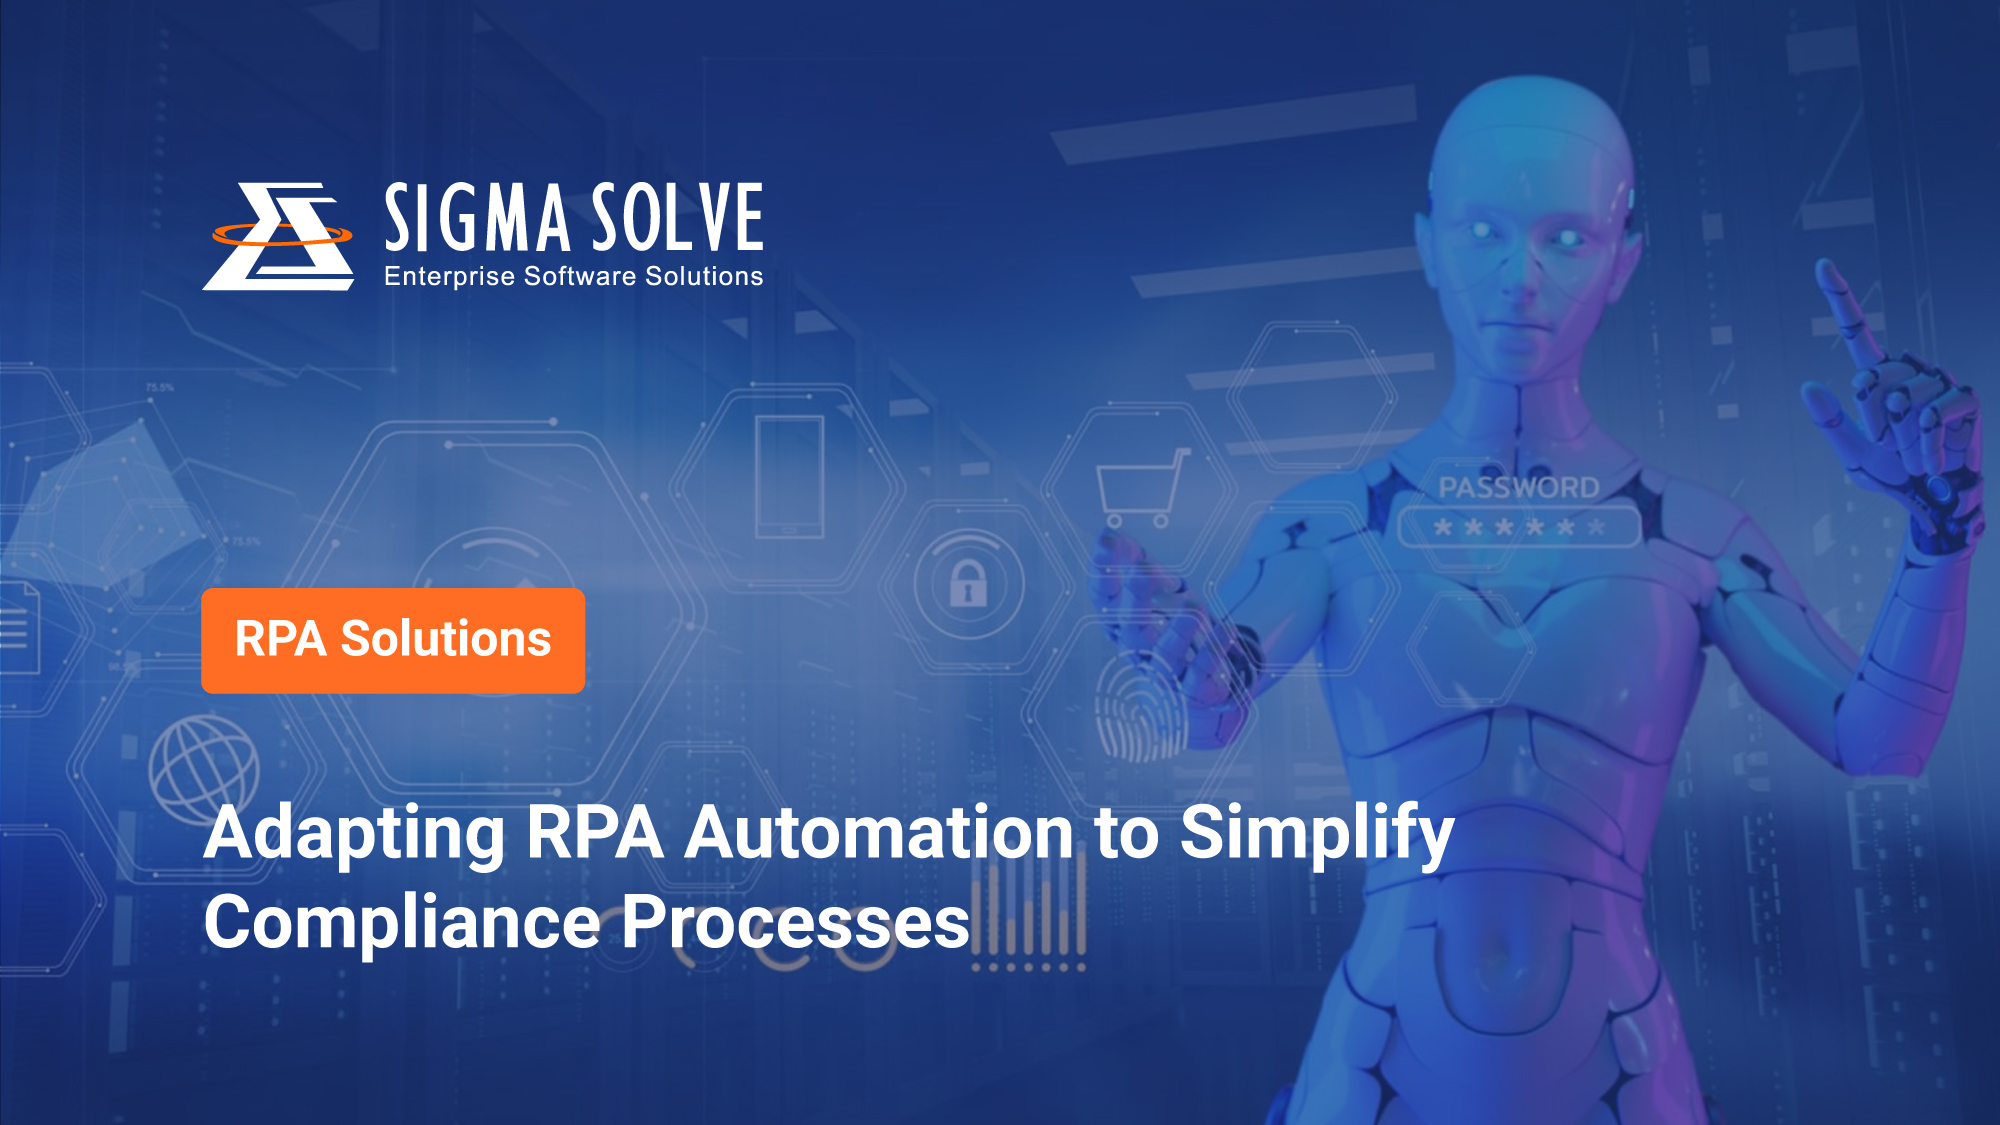 Adapting RPA Automation to Simplify Compliance Processes - Sigma Solve Inc
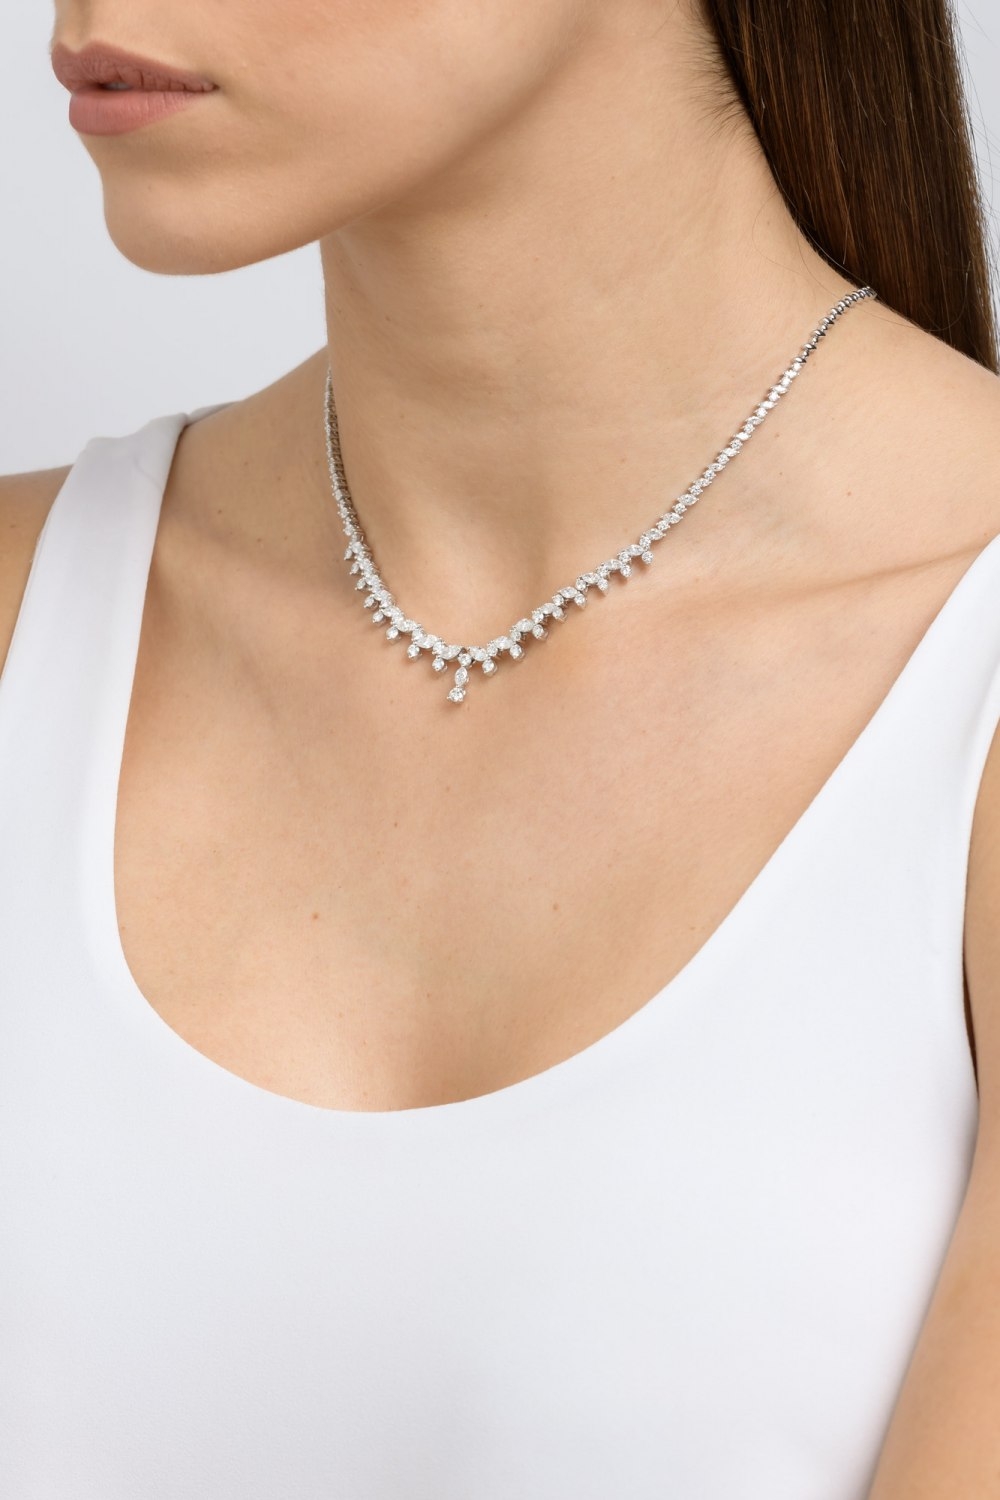 Brilliant and Marquise Cut Diamond Necklace 
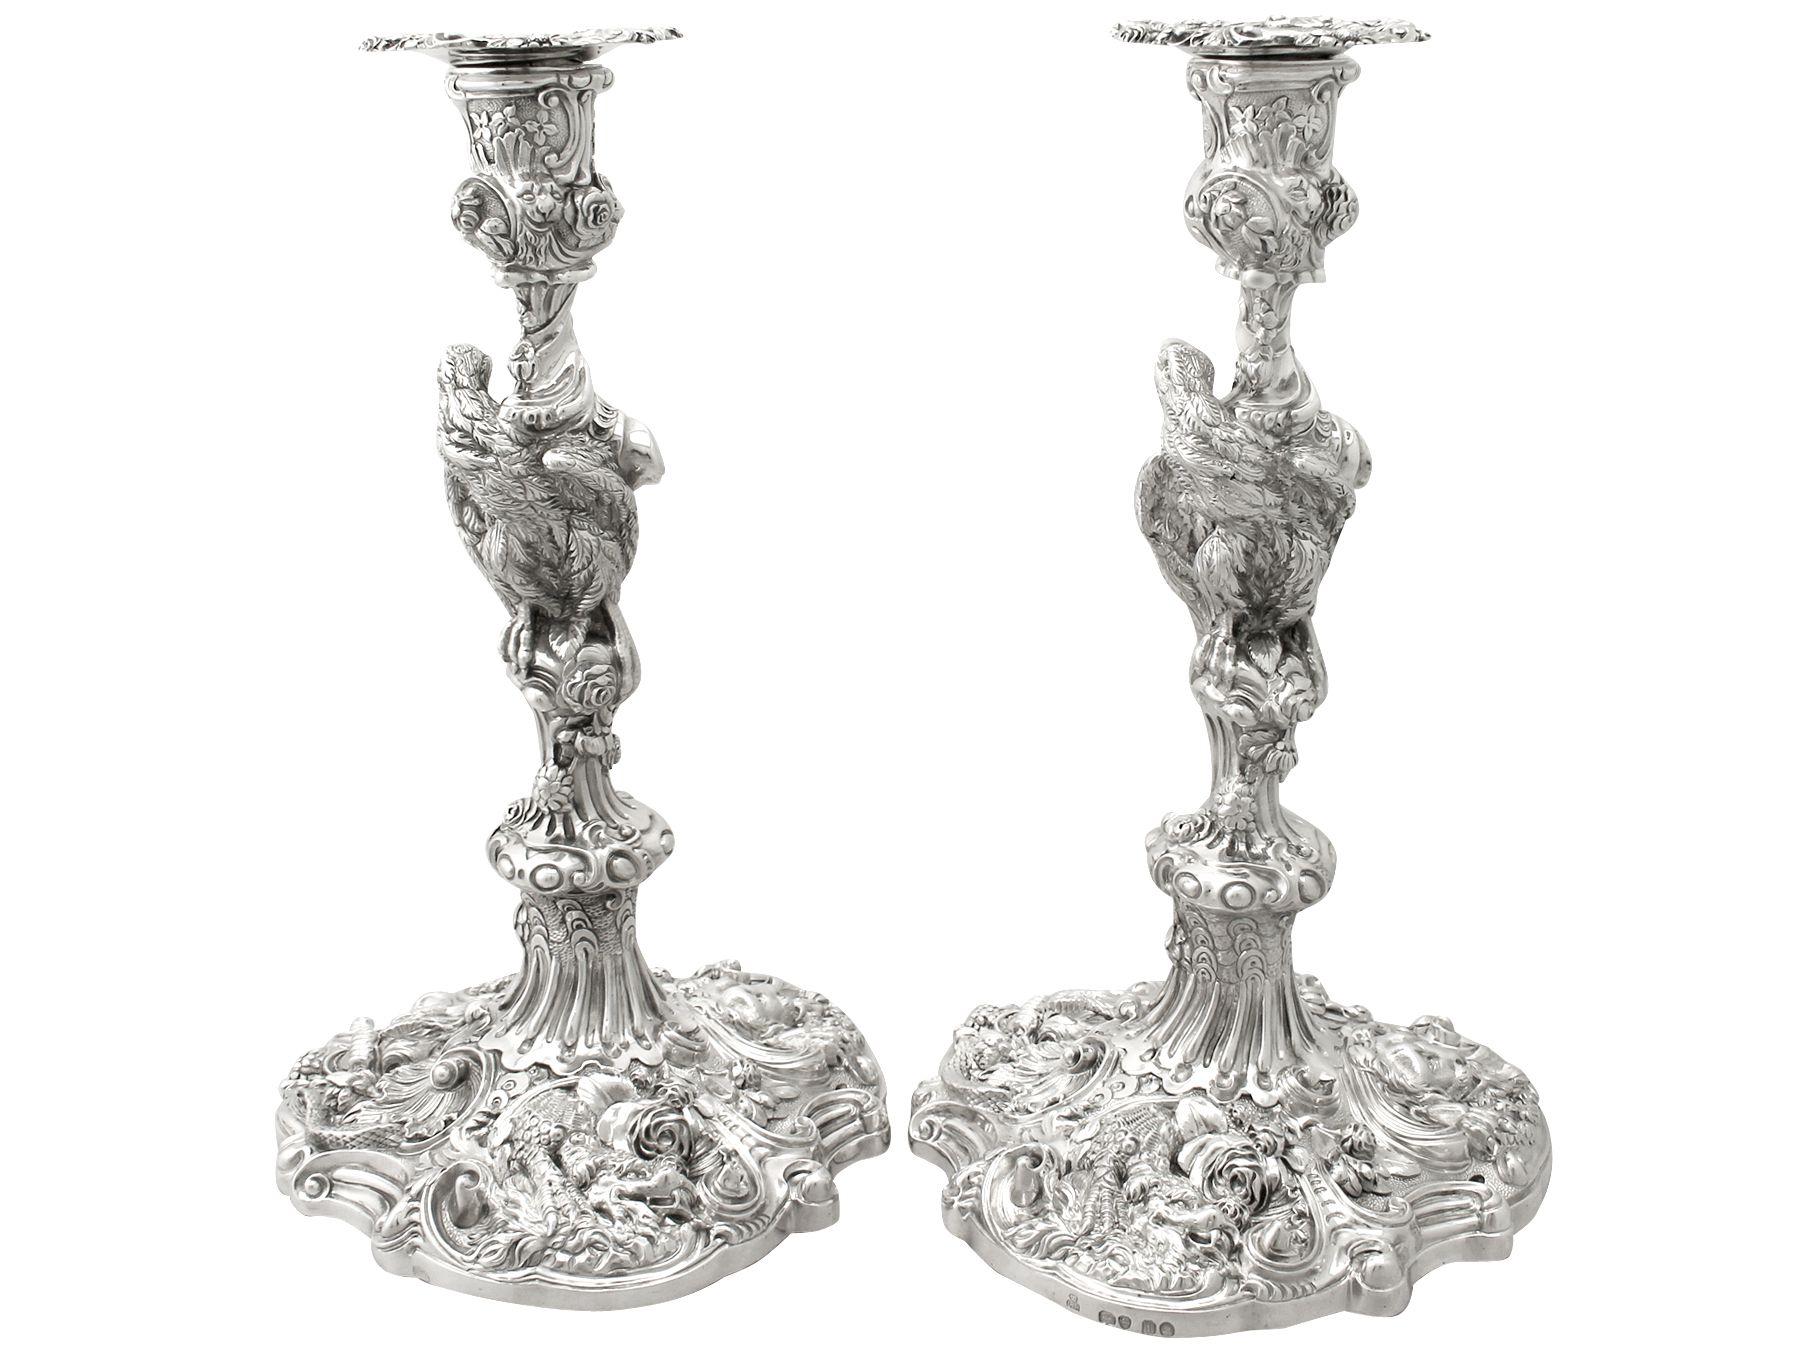 A magnificent, fine impressive pair of antique George IV English cast sterling silver candlesticks made by Robert Garrard II; an addition of our ornamental silverware collection

These magnificent antique George IV cast silver candlesticks, in

-=-=-

Drop the pictures and copy the data exactly.

 Adapting RPA Automation to Simplify Compliance Processes - Sigma Solve Inc
 Brilliant and Marquise Cut Diamond Necklace 
 A magnificent, fine impressive pair of antique George IV English cast sterling silver candlesticks made by Robert Garrard II; an addition of our ornamental silverware collection

These magnificent antique George IV cast silver candlesticks, in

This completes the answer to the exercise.